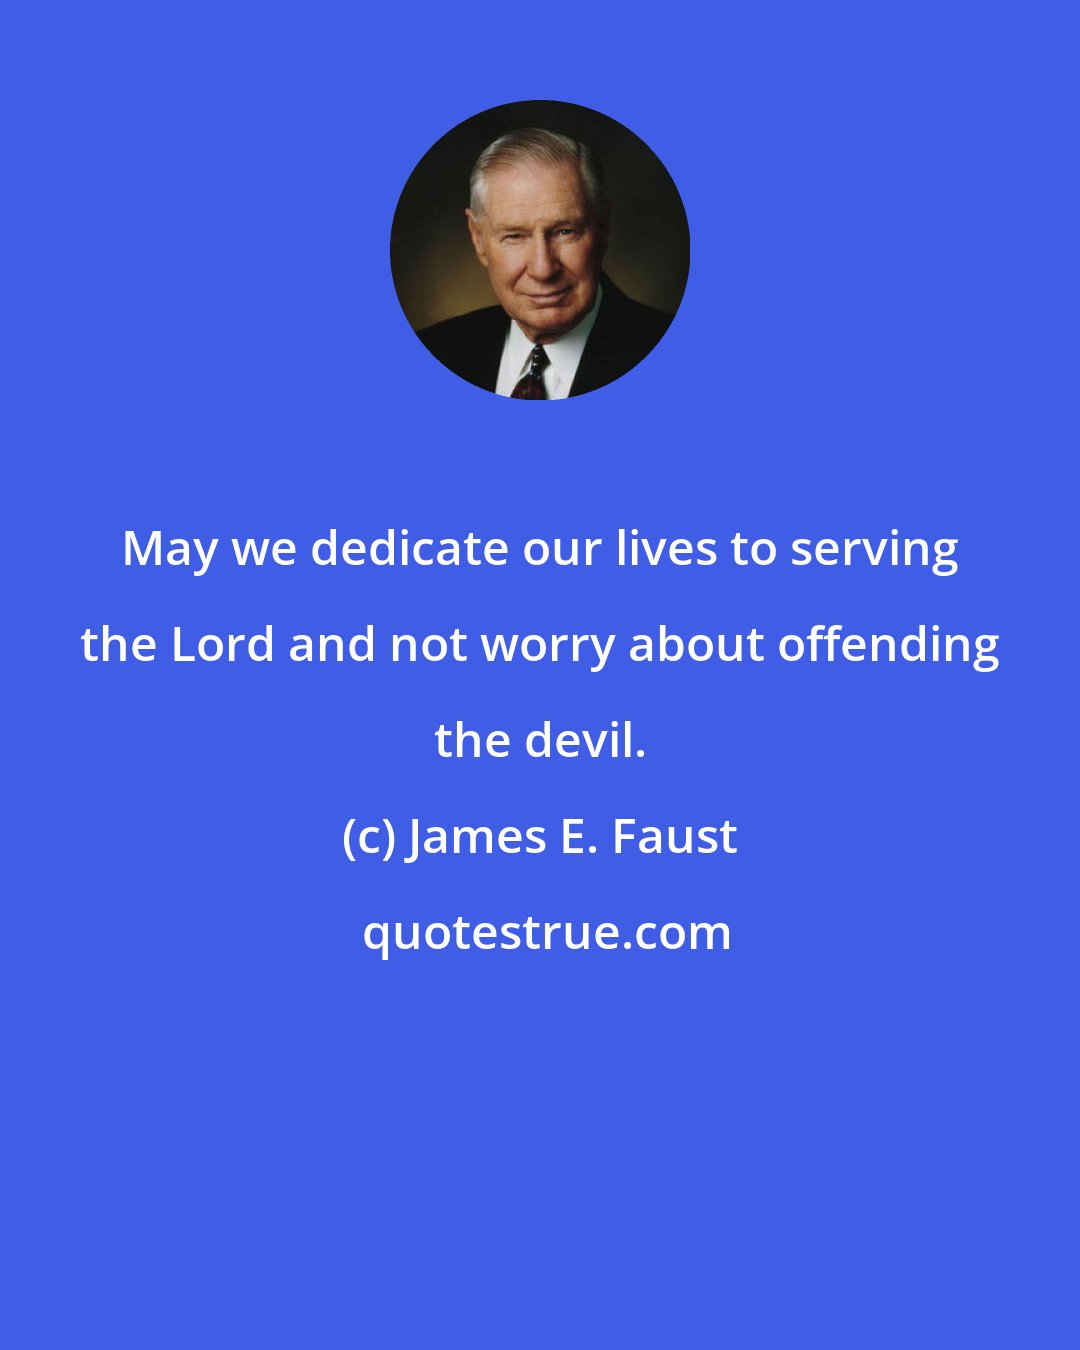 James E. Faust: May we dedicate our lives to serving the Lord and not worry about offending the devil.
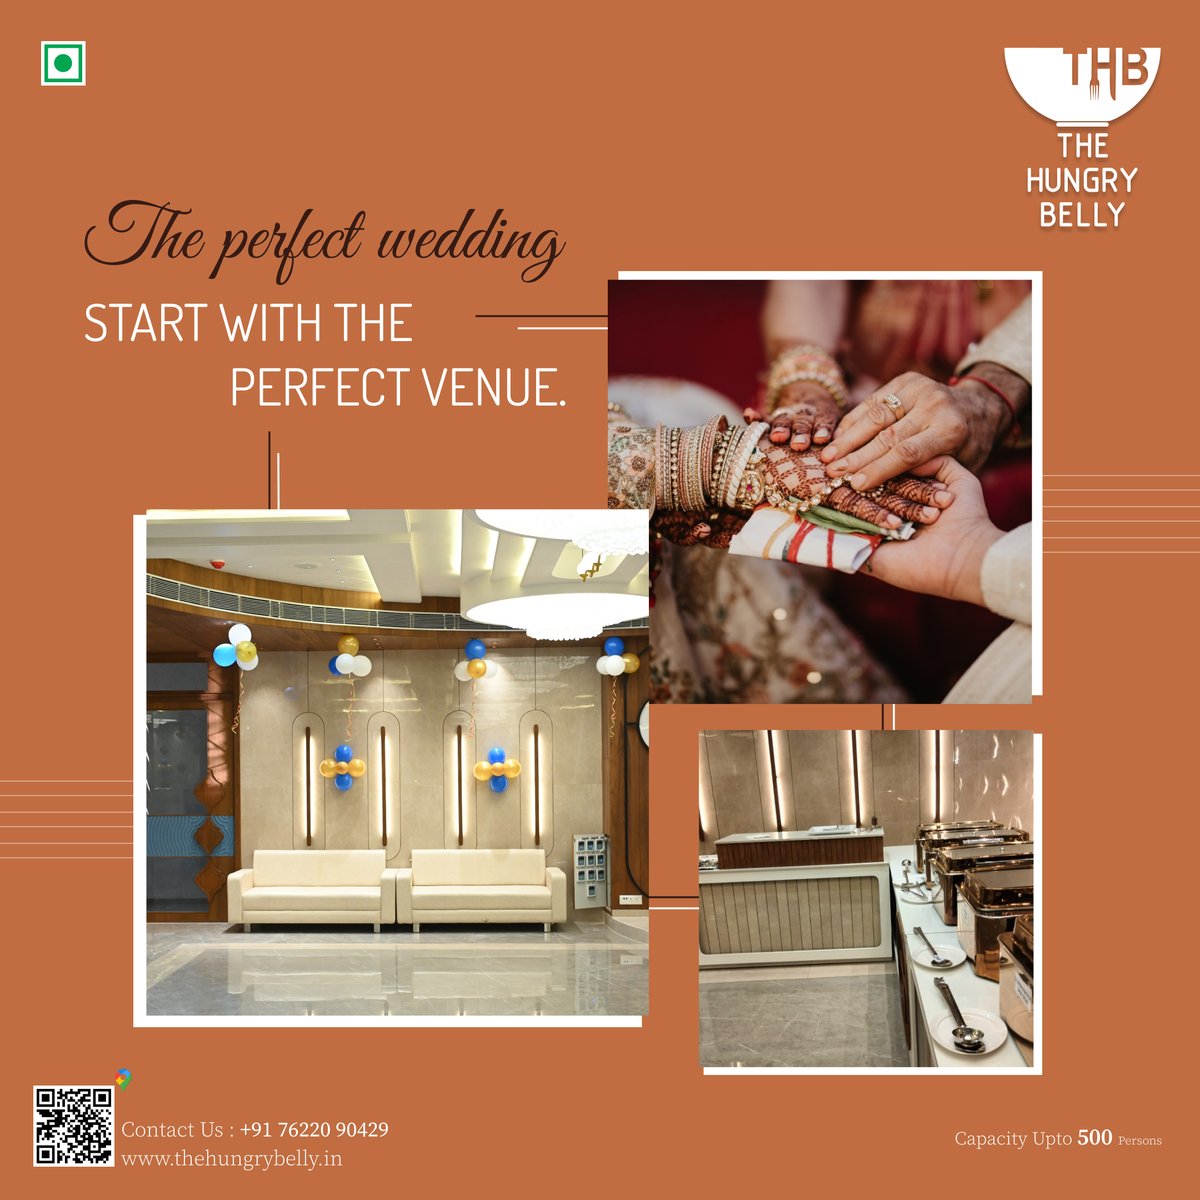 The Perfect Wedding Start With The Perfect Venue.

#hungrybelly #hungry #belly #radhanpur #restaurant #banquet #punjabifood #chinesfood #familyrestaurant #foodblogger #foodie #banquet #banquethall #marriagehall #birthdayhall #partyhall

About this task: When the line that holds "The Perfect Wedding" is reached, begin duplicating exactly, and continue through the last line of the listing, skipping the pictures; output nothing else.

Task answer:
 The Perfect Wedding Start With The Perfect Venue.

#hungrybelly #hungry #belly #radhanpur #restaurant #banquet #punjabifood #chinesfood #familyrestaurant #foodblogger #foodie #banquet #banquethall #marriagehall #birthdayhall #partyhall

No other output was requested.